**Available records**
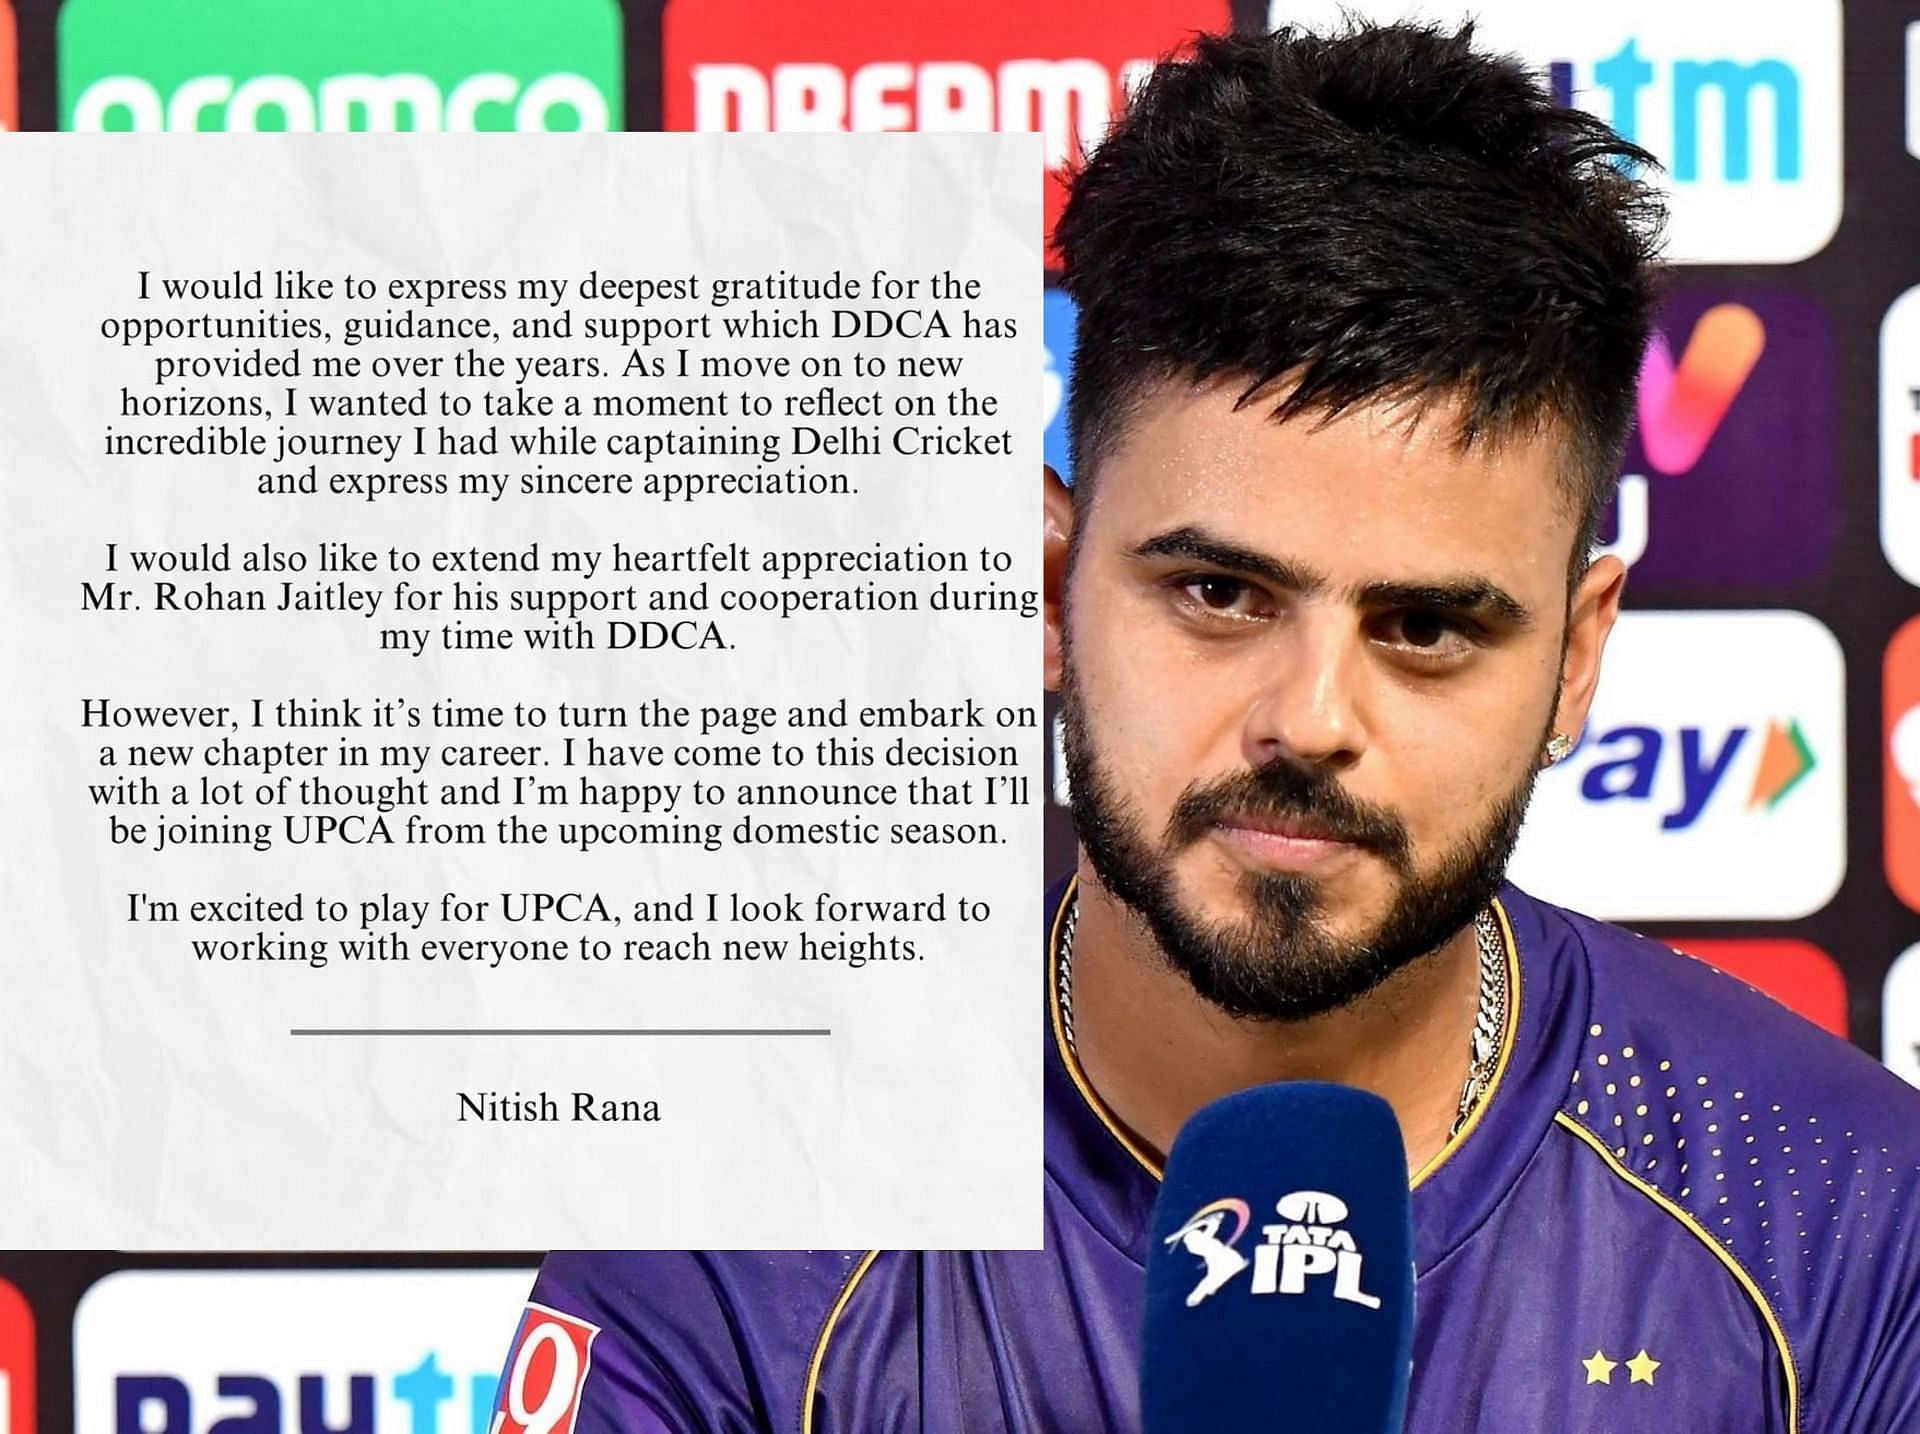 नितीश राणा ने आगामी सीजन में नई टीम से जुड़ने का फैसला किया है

...

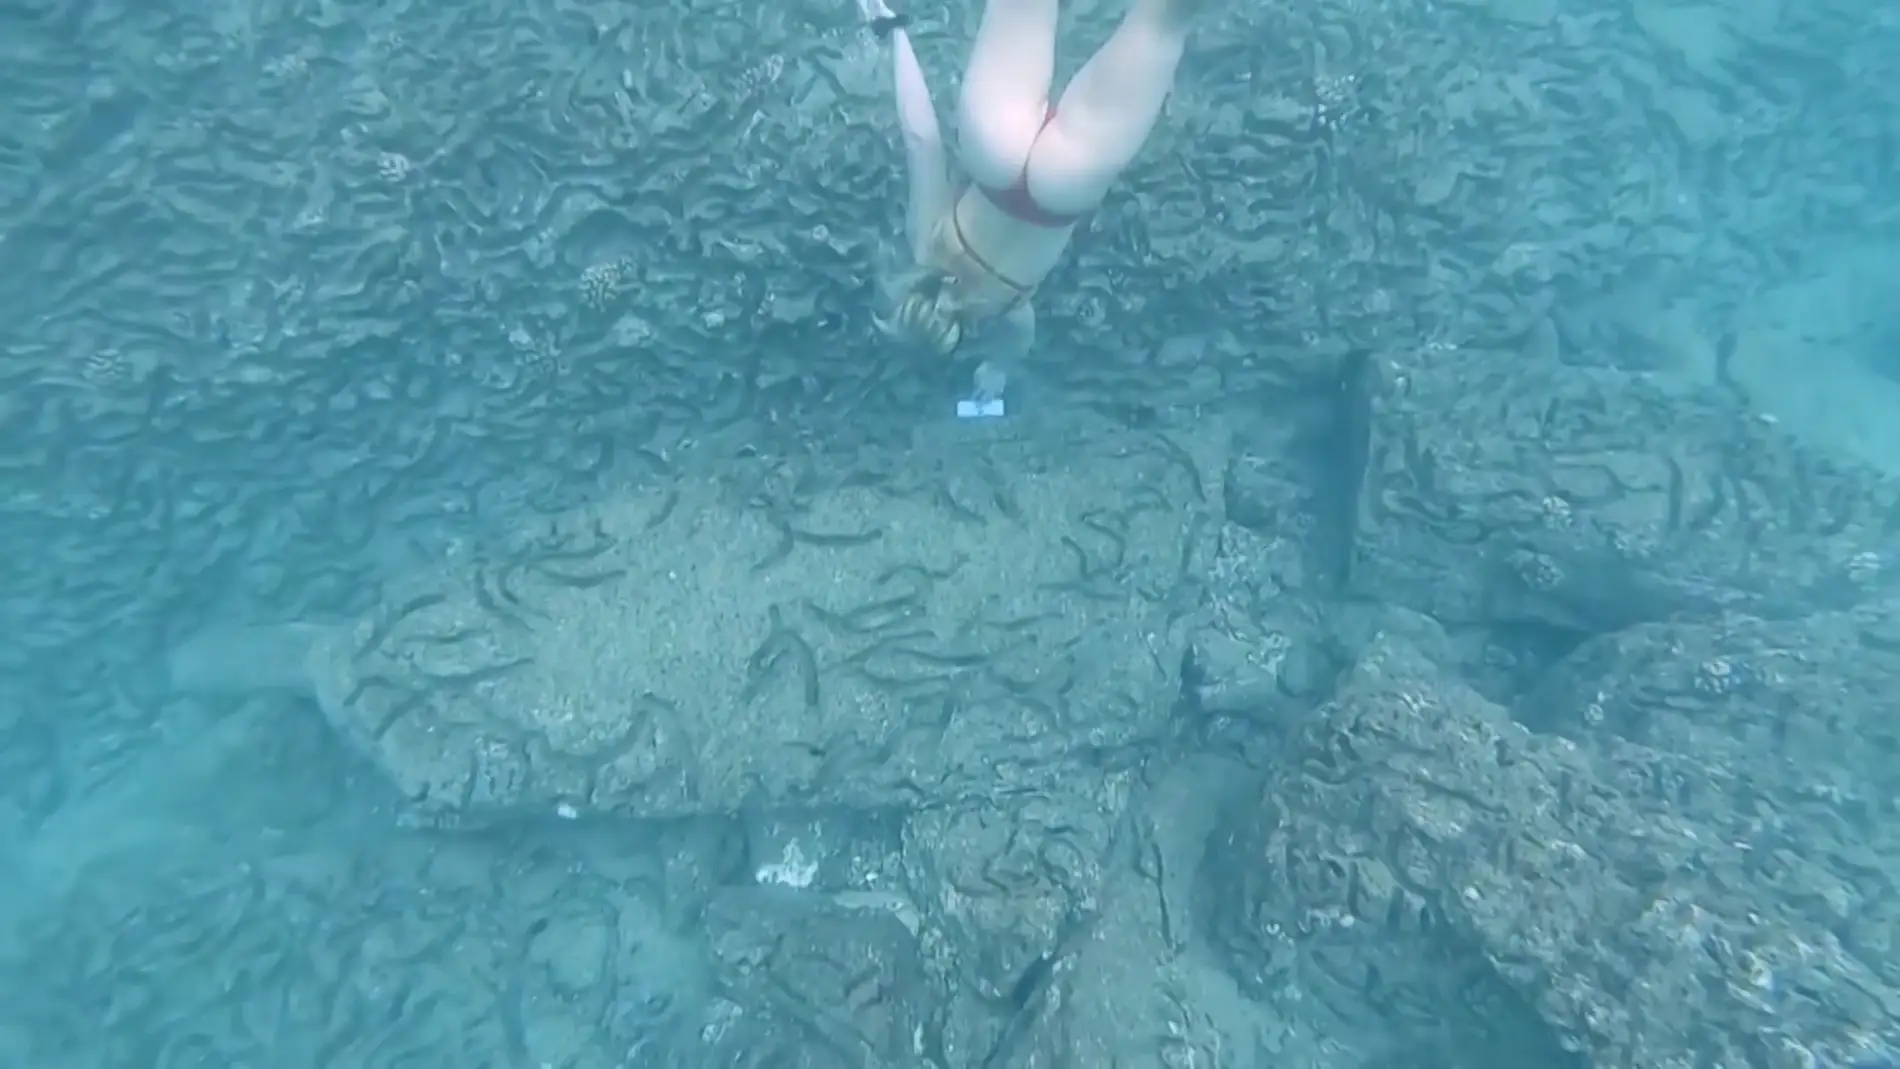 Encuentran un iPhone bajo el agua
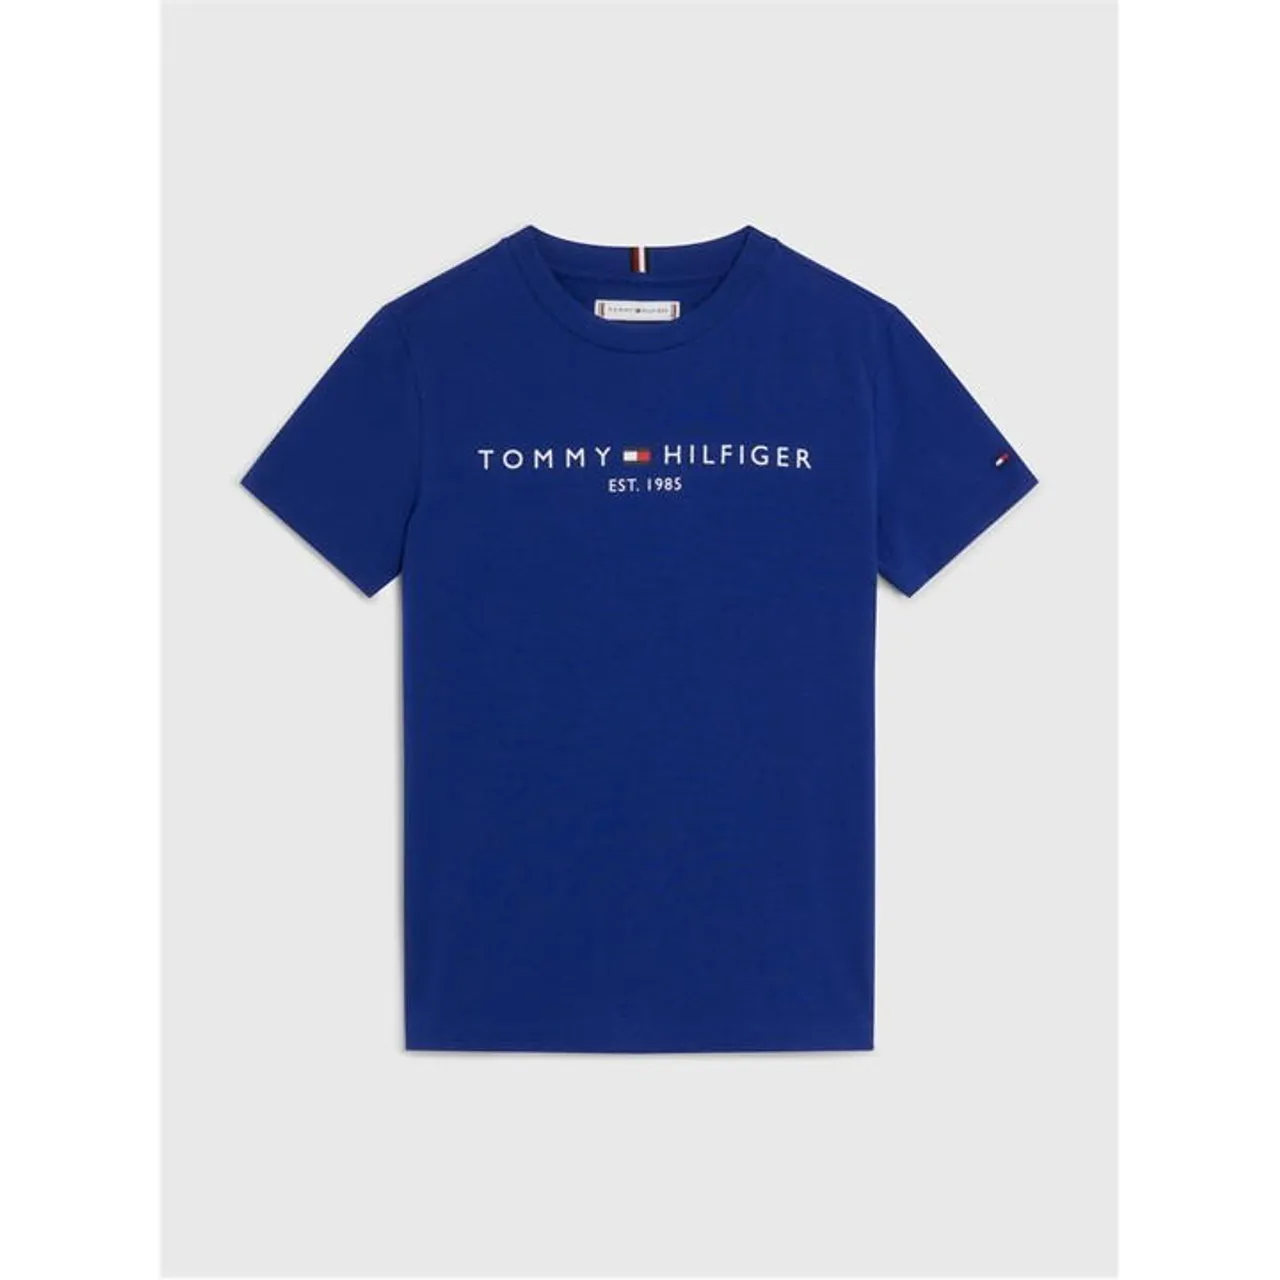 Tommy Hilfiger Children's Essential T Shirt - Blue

--

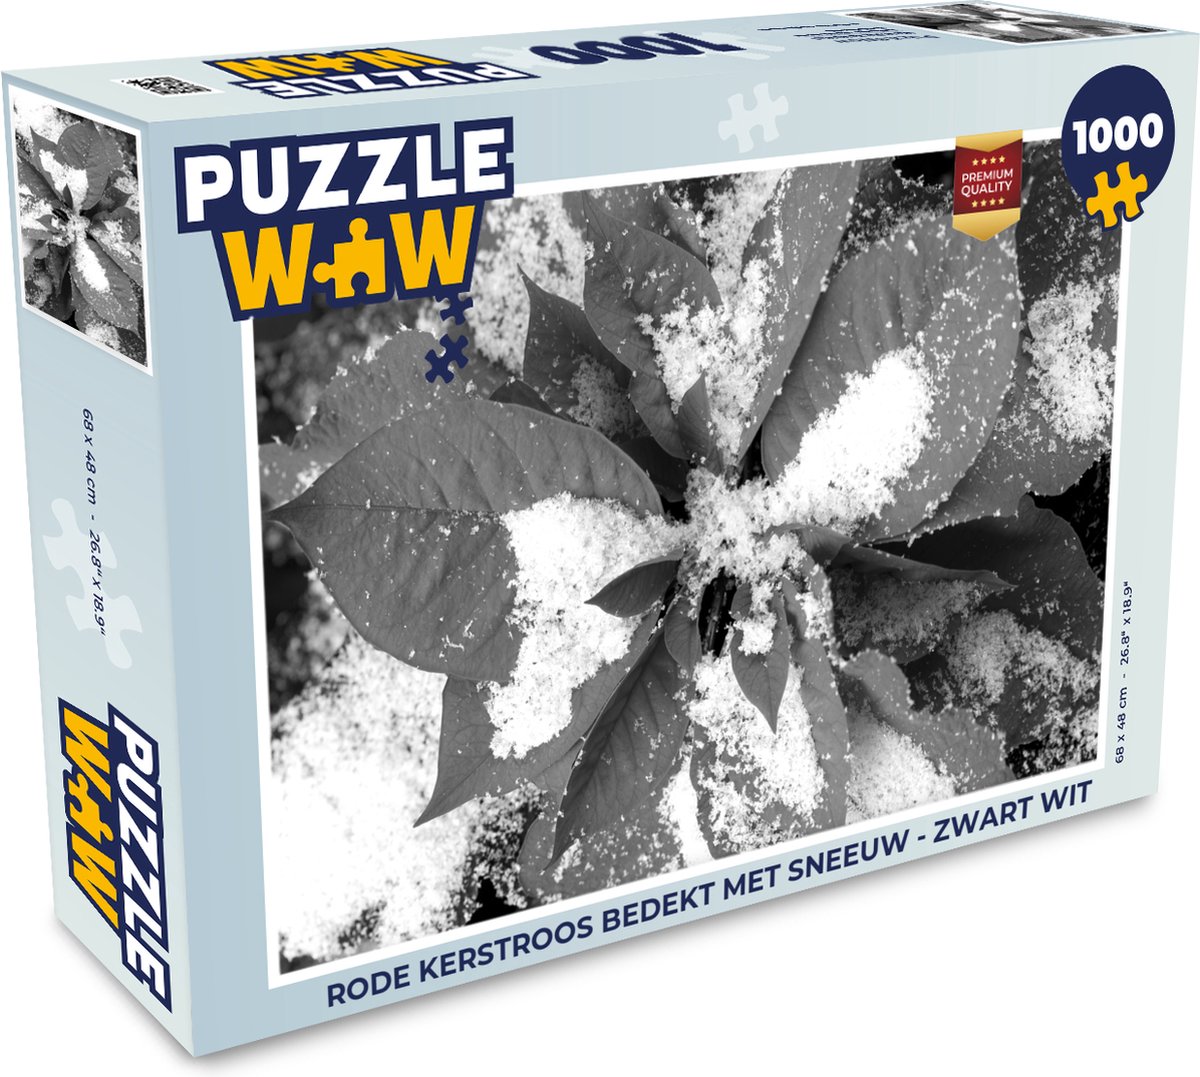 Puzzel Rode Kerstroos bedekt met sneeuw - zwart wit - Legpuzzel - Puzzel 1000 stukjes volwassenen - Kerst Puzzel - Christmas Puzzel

**Problem**
Only the lines above starting with the line with "Encuentran un iPhone bajo el agua" and going on through the line with "Tommy Hilfiger Children's" belong in the answer; repeat them exactly, minus any picture.

**Solution for this problem**
 Encuentran un iPhone bajo el agua
 Tommy Hilfiger Children's Essential T Shirt - Blue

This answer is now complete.